There, on the side of the bus, is a picture of Spider-Man in the exact moment he smacked into the building after finding out about Liberty's webcams. Written across the perfectly timed photo are the words, “Tired of hitting that mid-afternoon slump?” It's for a protein bar or some kind of energy drink, Peter thinks, but Happy has already sped too far past it for him to process that part.

“This sucks,” he says, sliding down in the backseat. “Don't they have to, like, get my permission or something to use my picture?”

“Yeah,” says Happy, eyeing him in the rearview. “Or they just have to talk to someone with enough money to make them forget that part.”

Peter purses his lips. “Mr.
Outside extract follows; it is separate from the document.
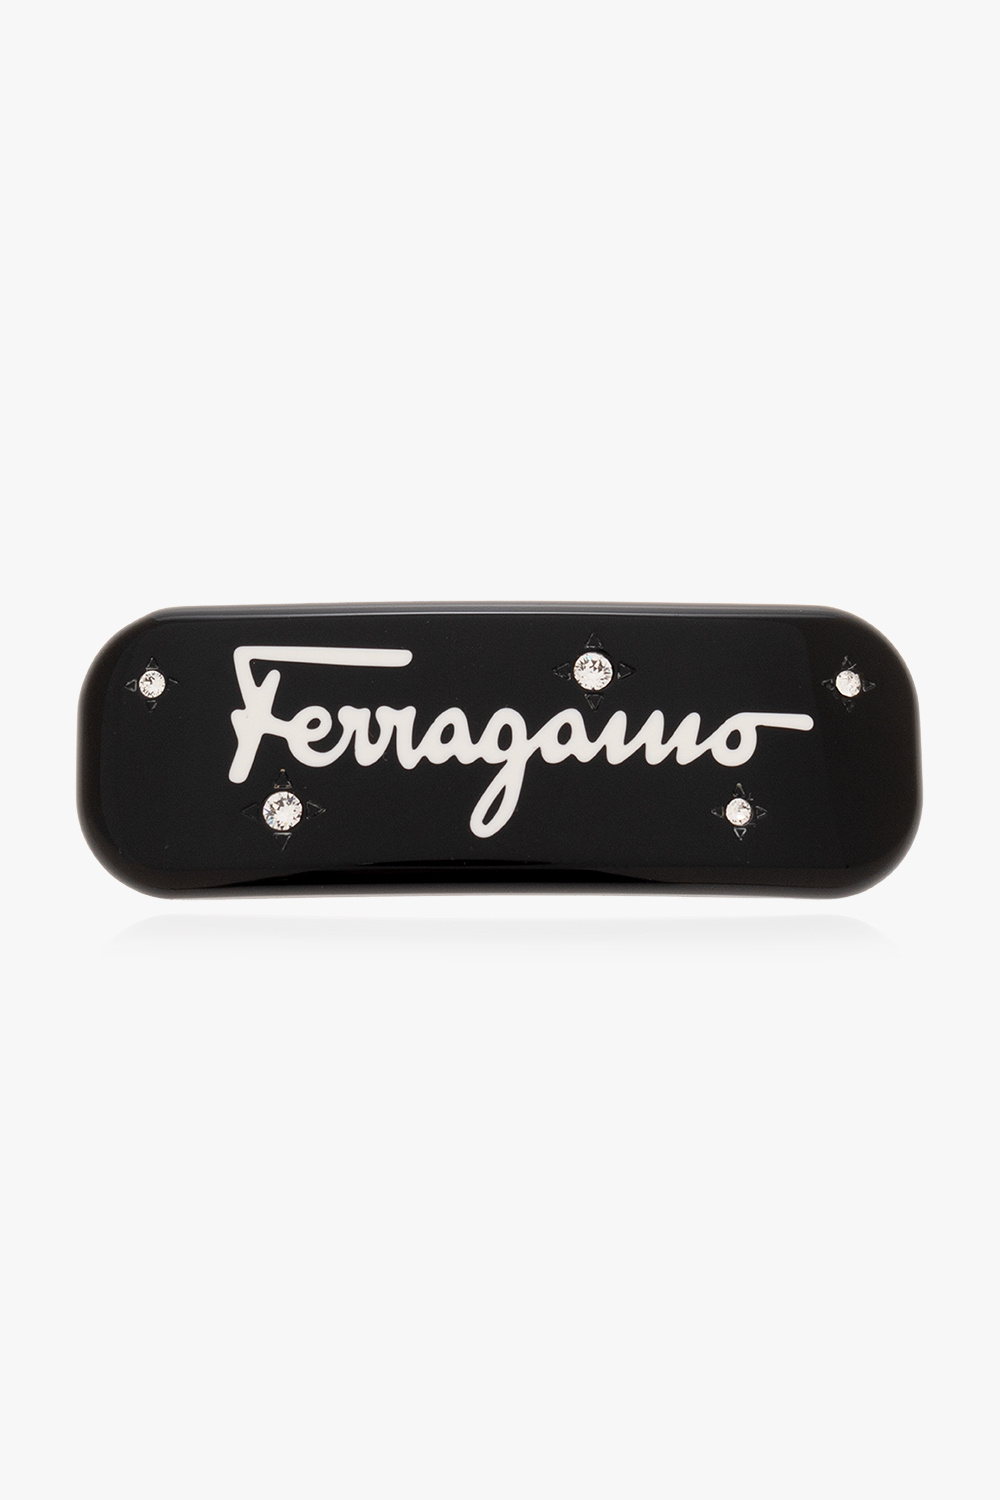 FERRAGAMO button salvatore Ferragamo Uomo Sneaker Gancini Bianco Taglia 38.5

Stark?”

“Mr. Stark,” Happy says.

Peter shakes his head and slides further down the seat.

\- - -

Ned won't stop laughing.

“It's not funny,” Peter says, but Ned opens the image on his screen and dissolves again into hysterics. Peter snatches his phone away. “Come on, man. I'm trying to get people to think of Spider-Man as a real hero. They're just gonna see me as a joke.”
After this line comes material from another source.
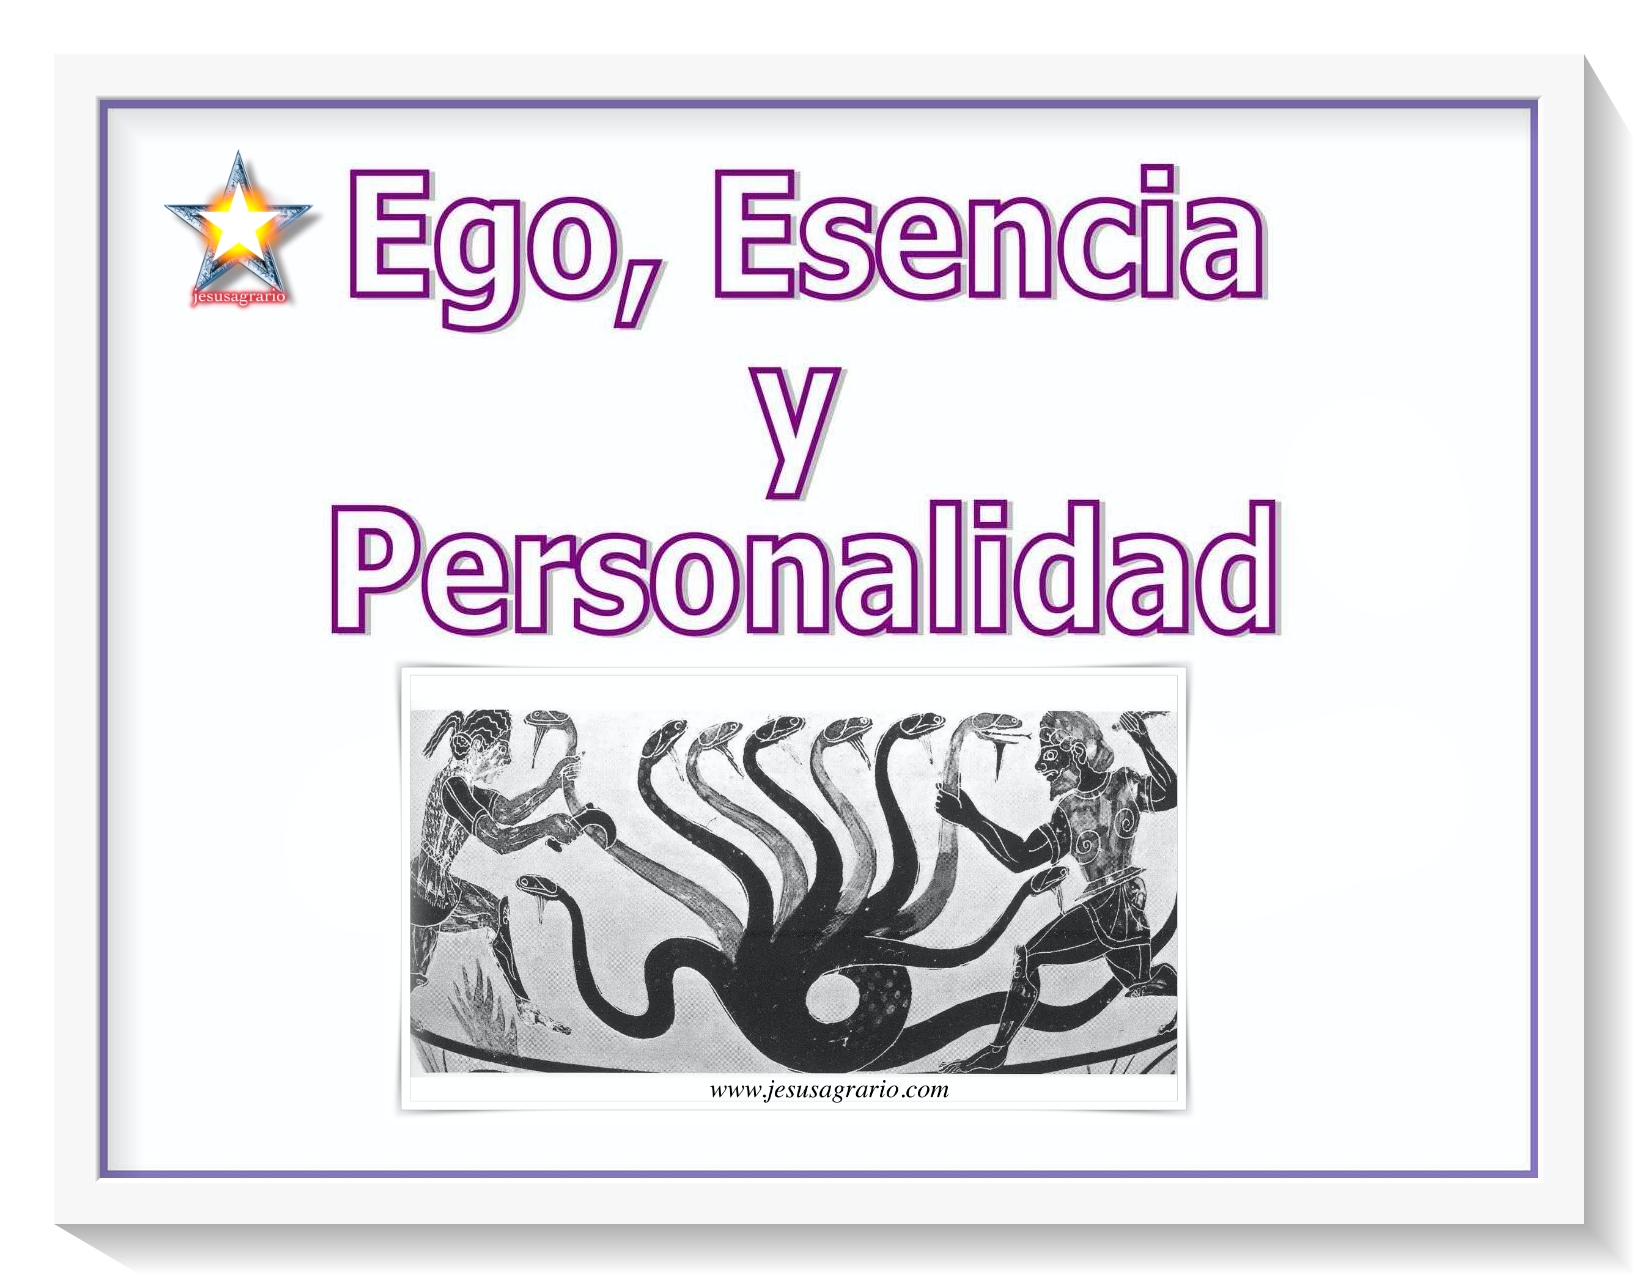 Ego esencia y personalidad

“At least they'll see you?” Ned offers.

“Not exactly what I had in mind.” Peter closes his locker. He hands Ned his phone back.
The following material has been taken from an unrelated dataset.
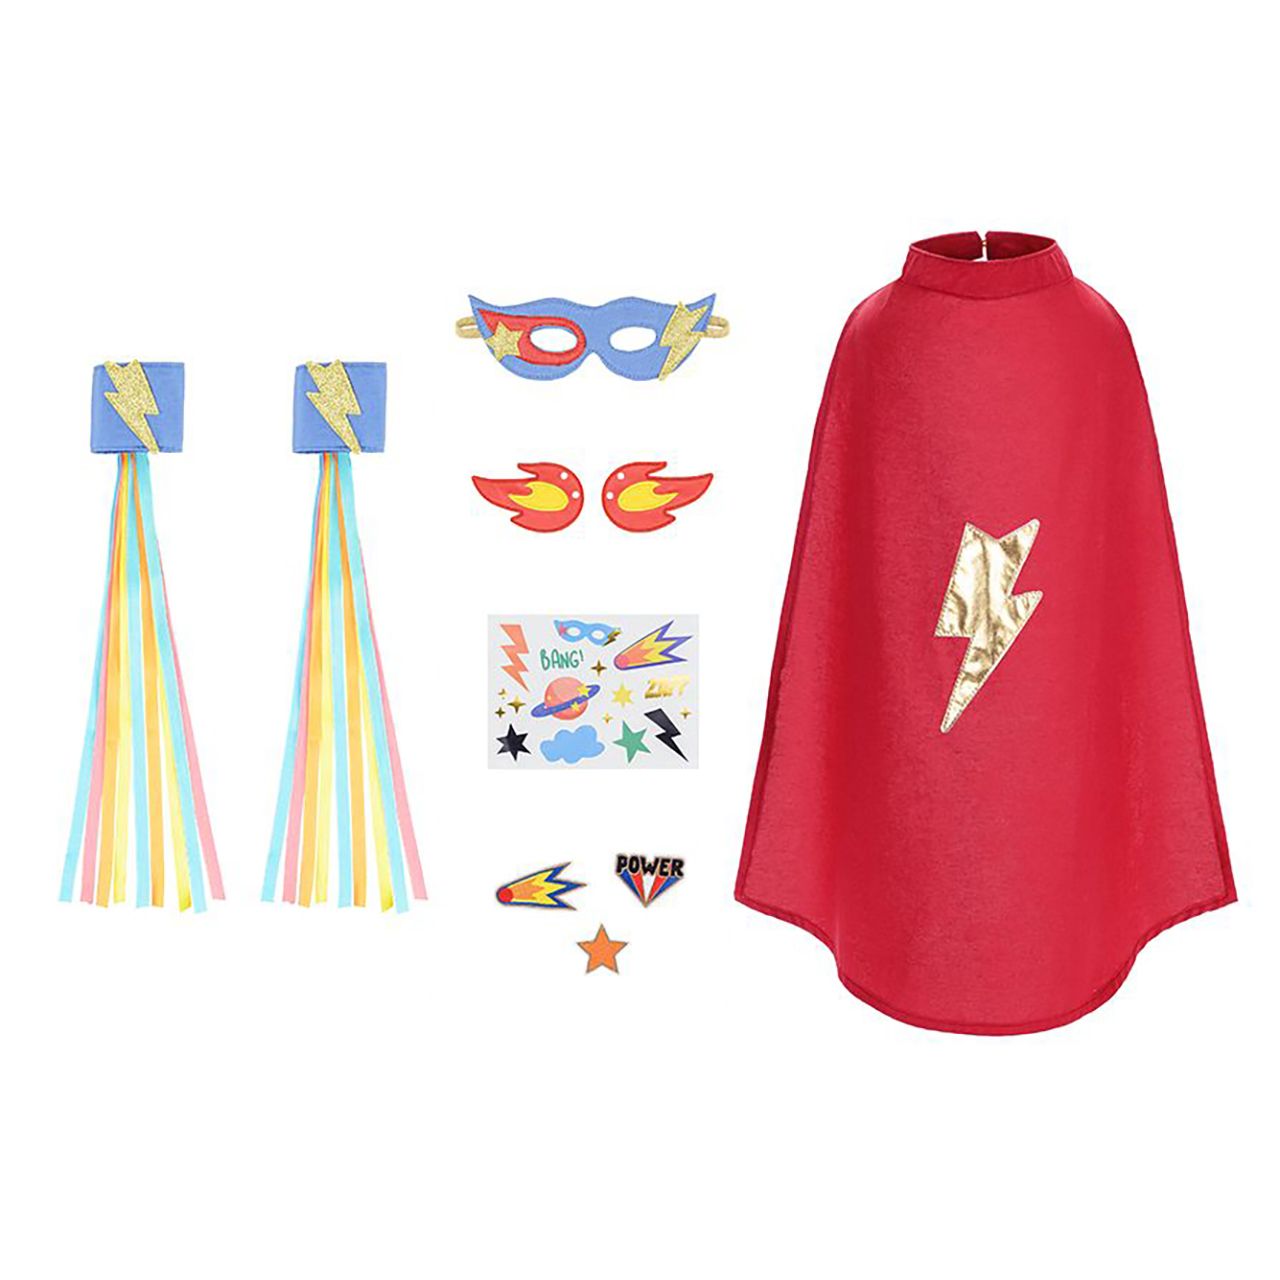 PartyDeco: disfrazado en una maleta de superhéroes

“You have to admit it's kind of funny,” Ned says.

“I'm gonna unfriend you.”

“You wouldn't!”

They have art after lunch. In the back of the room pinned to the corkboard are drawings of Iron Man that Mr. Flannigan had everyone make on the first day back. “I want you to draw something that inspires you,” he said. “Draw something from the heart.” Peter and MJ were the only ones who drew something else.

Today, Mr. Flannigan is at his desk, talking to a blond-haired boy Peter doesn't recognize.

“Who's that?” he asks Ned.

Ned glances up from his phone where he'd editing Spider-Man into memes. “Uh, Jonathan something. I don't know his last name.”

“Did he get blipped with us?”

“Nah, they're just trying to make room in Ms. Wittiker's class so they're moving all the normal students around.”

_Normal_. Peter frowns at his choice of descriptors, but Ned is right. They stopped being normal the moment they blipped back – in the middle of the gym, in the middle of the street, in the middle of lives that moved on without them.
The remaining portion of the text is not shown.